* **ASSIGNMENT**:
Transcribe the lines below verbatim, skipping the images.

━━ DATA BLOCK

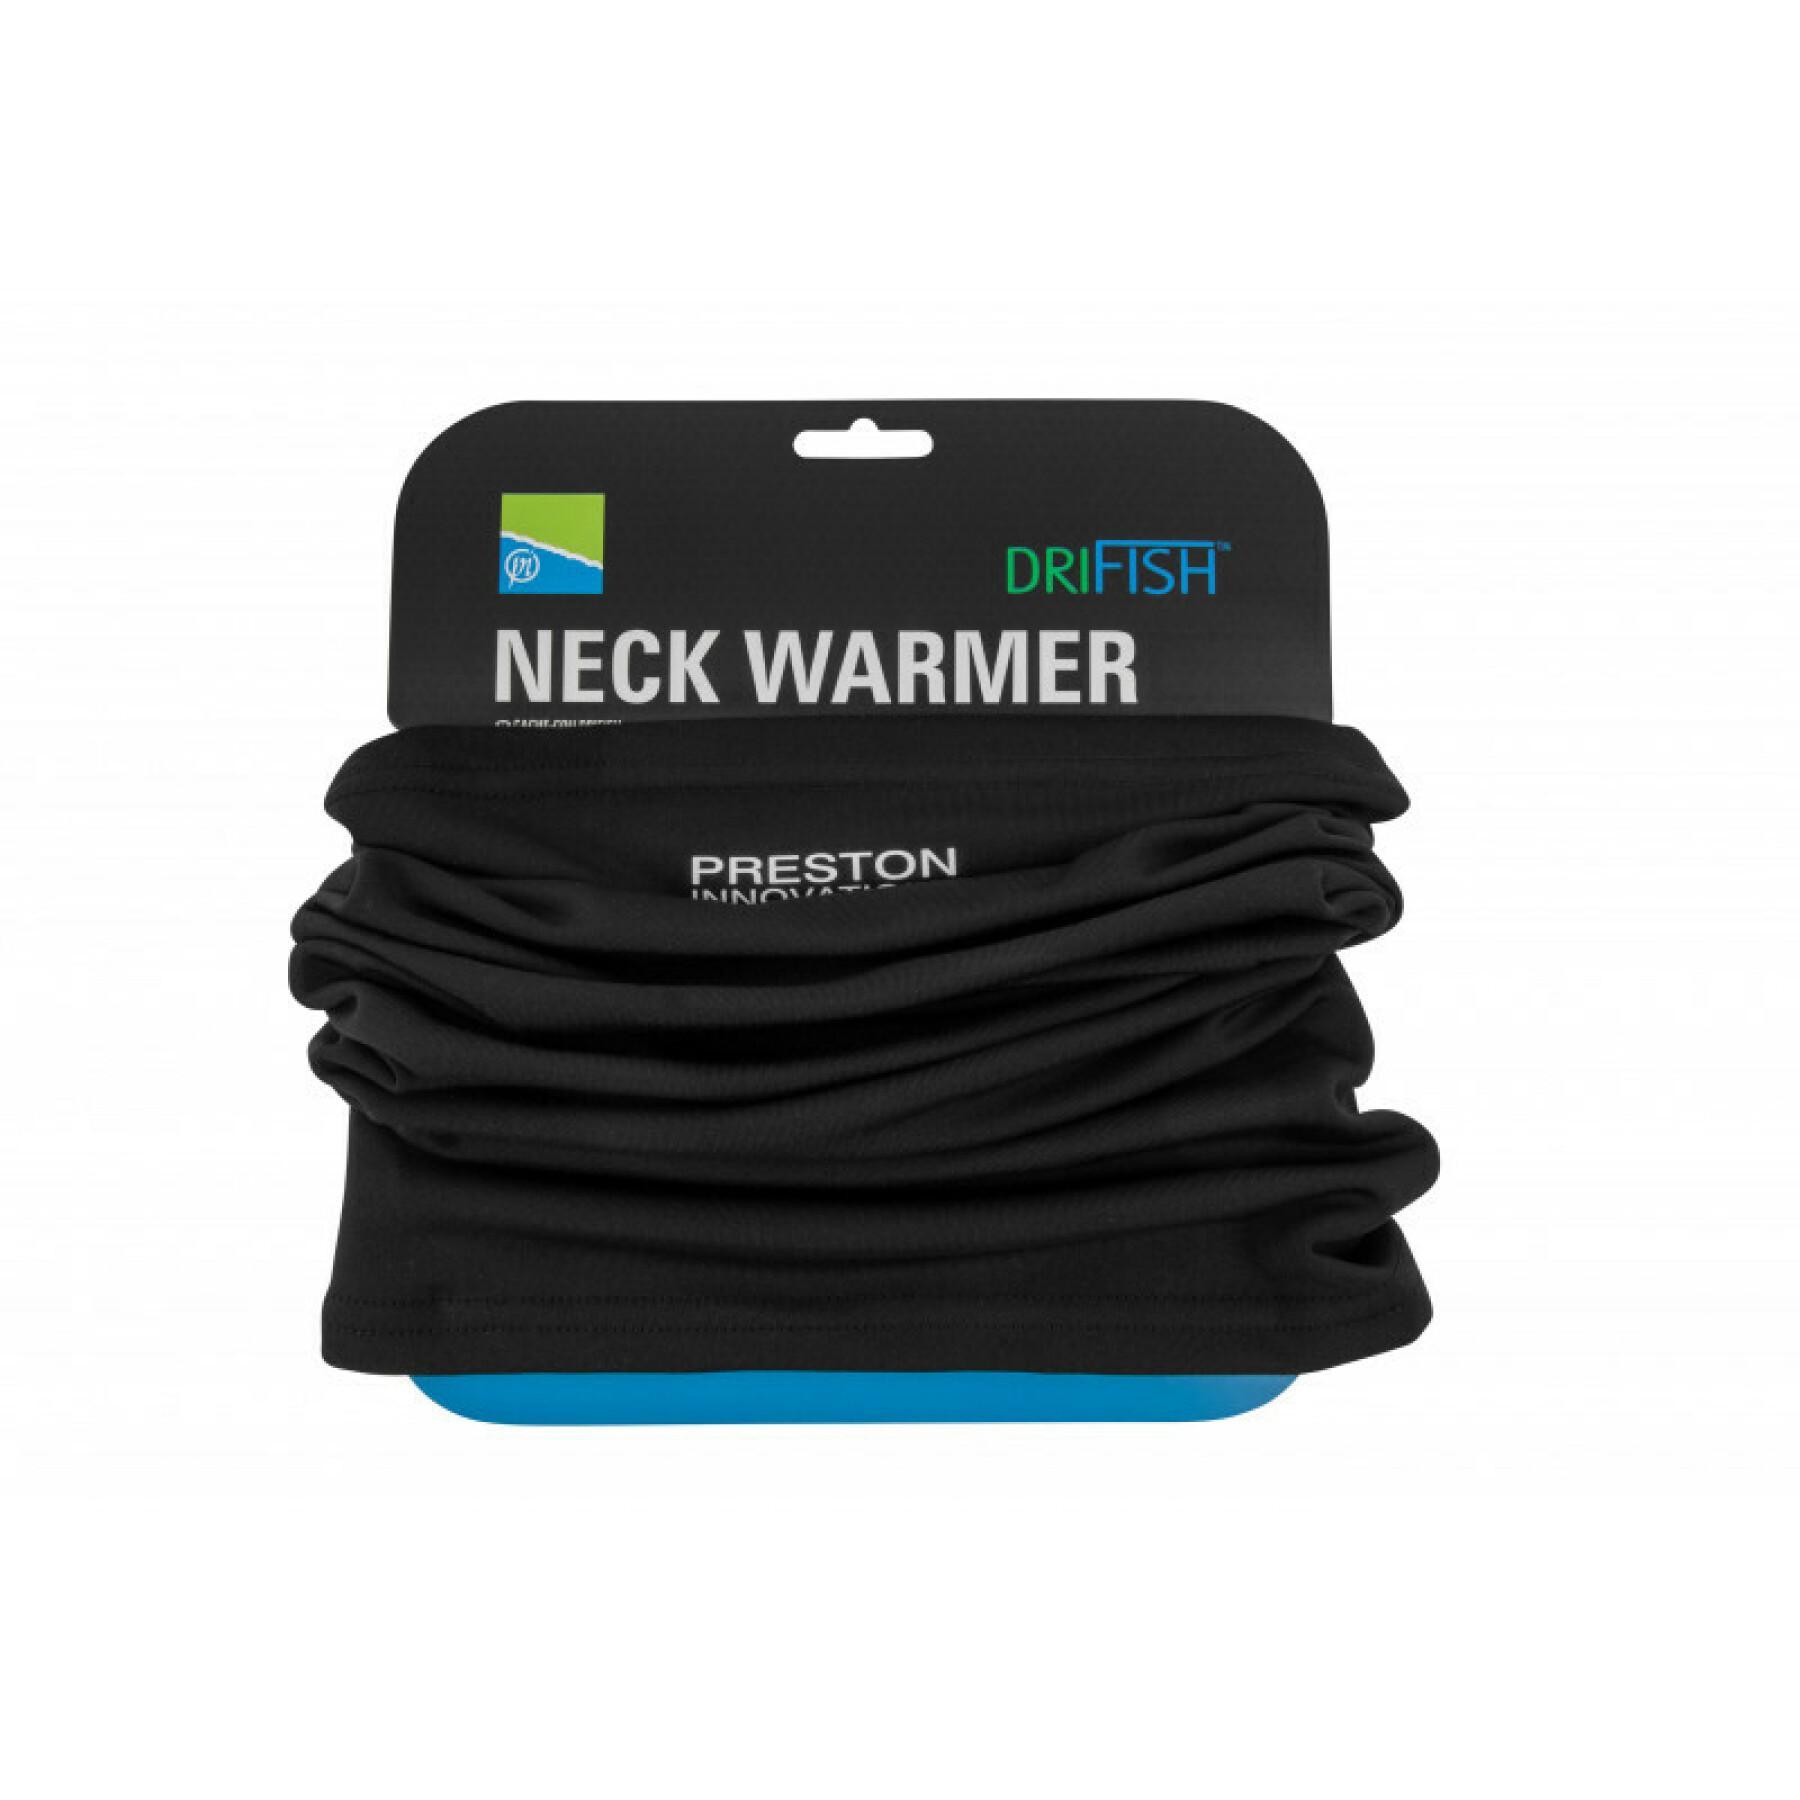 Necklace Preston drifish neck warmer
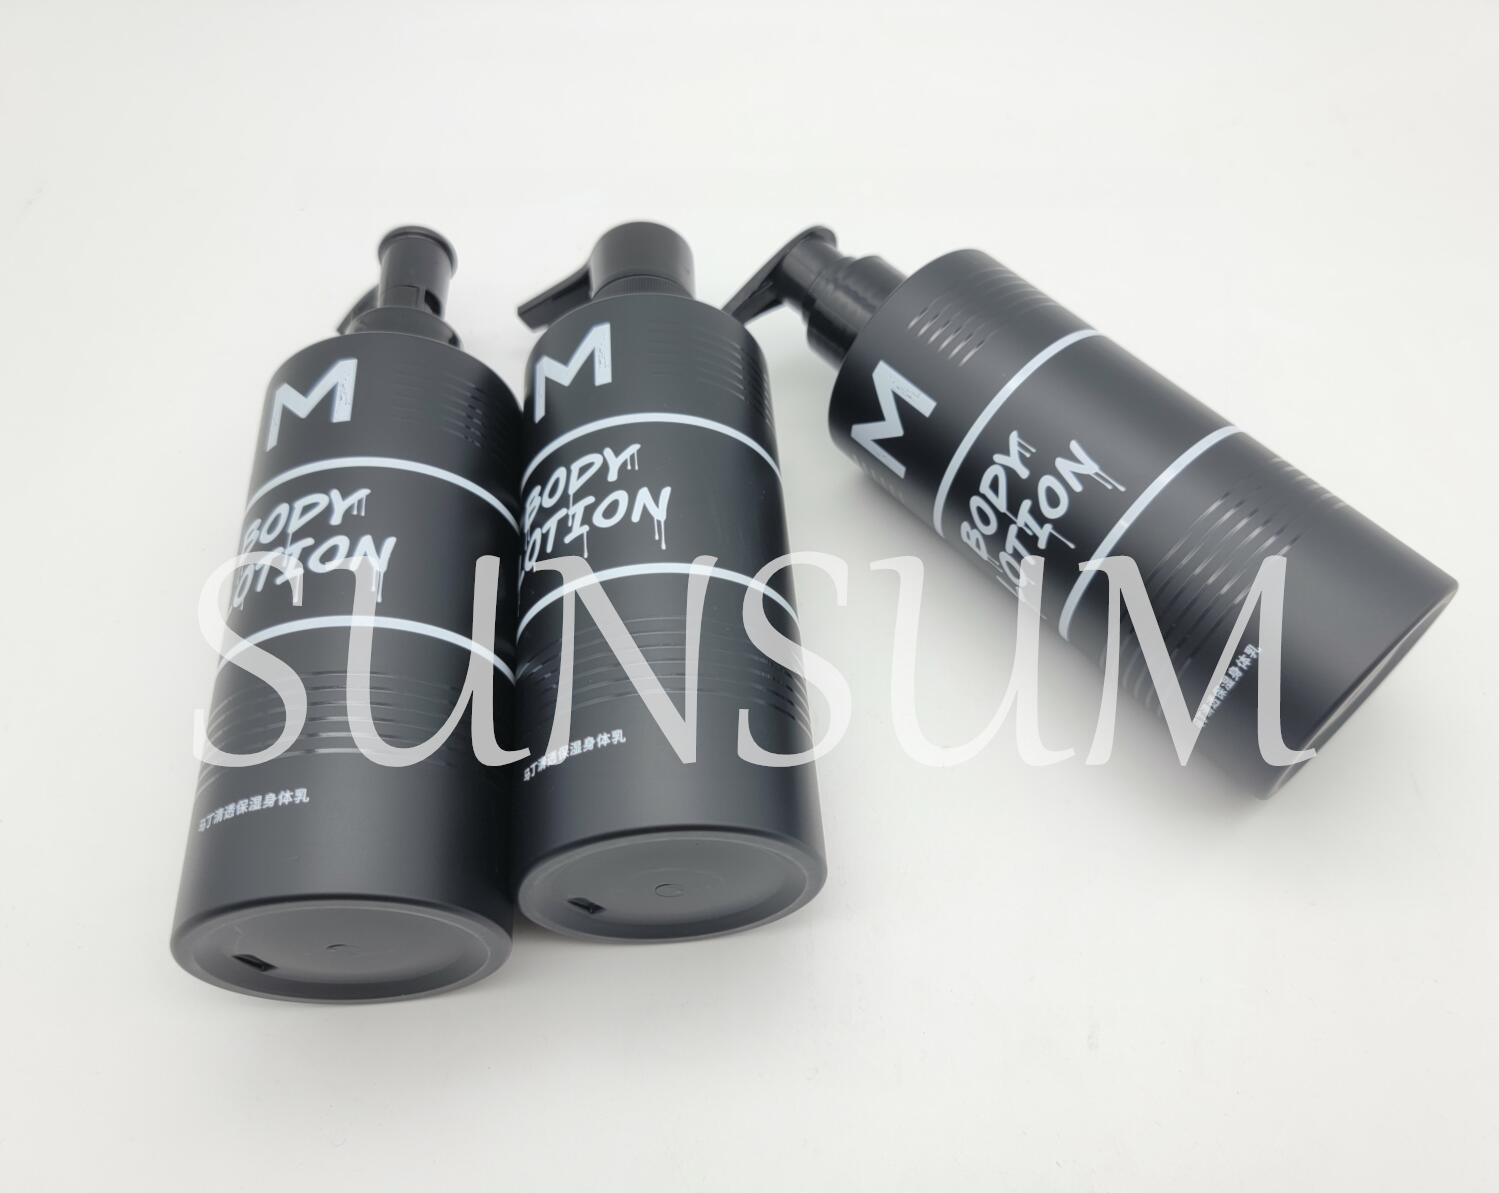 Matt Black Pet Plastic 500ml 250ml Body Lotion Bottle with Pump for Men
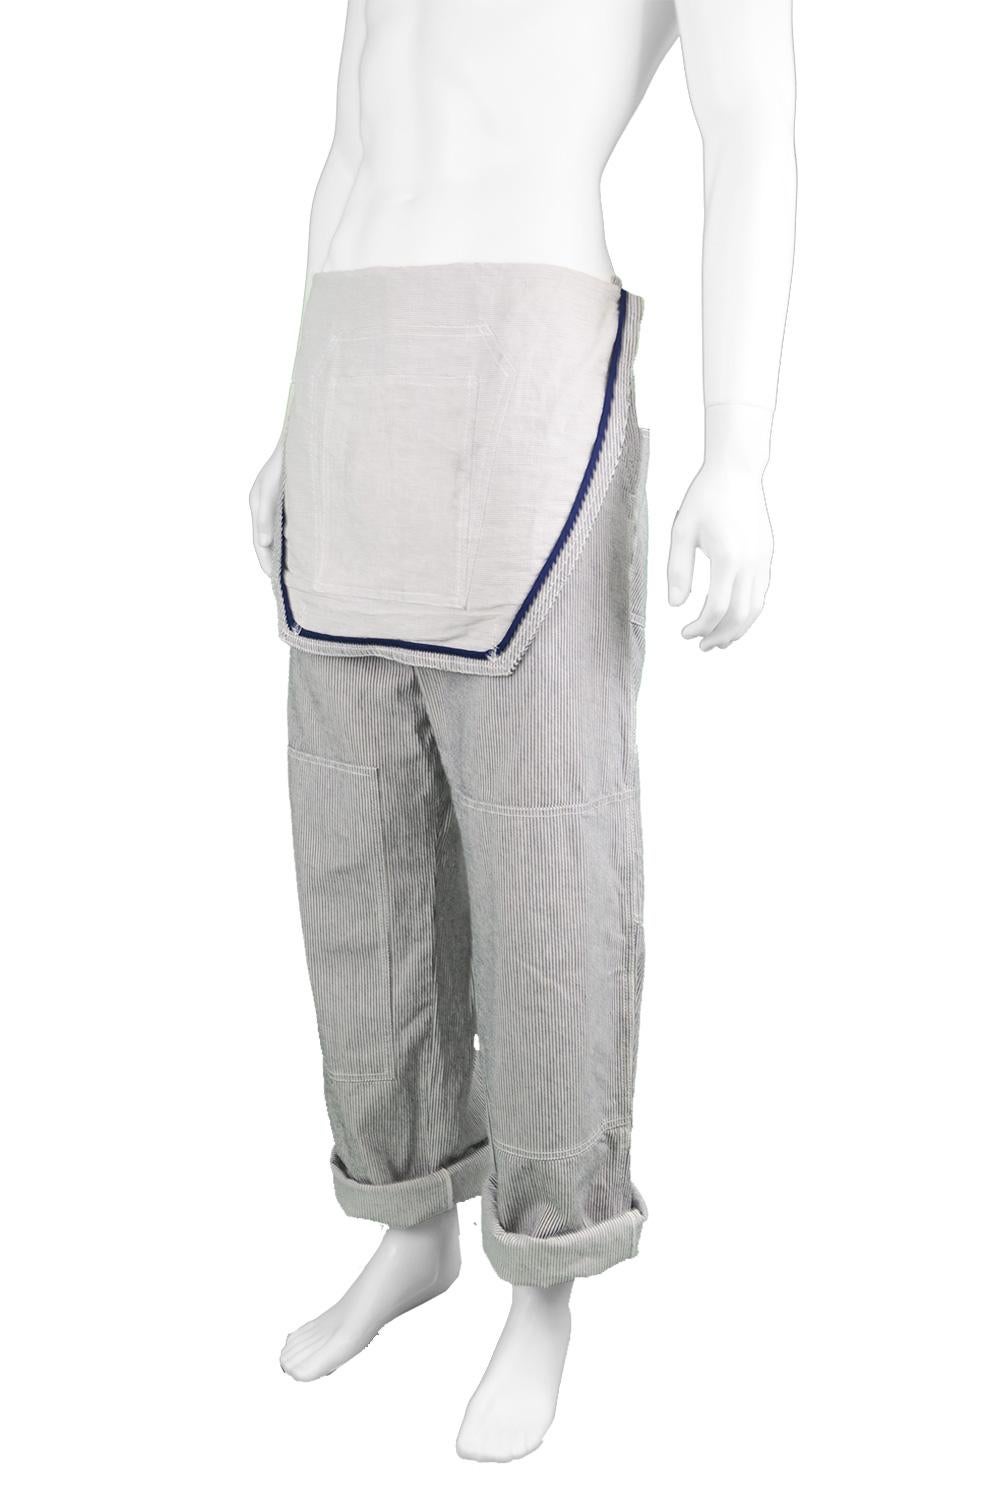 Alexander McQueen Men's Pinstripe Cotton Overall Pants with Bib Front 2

━━━━

* **RESPONSE AREA**:
 Necklace Preston drifish neck warmer
 Matt Black Pet Plastic 500ml 250ml Body Lotion Bottle with Pump for Men
 Alexander McQueen Men's Pinstripe Cotton Overall Pants with Bib Front 2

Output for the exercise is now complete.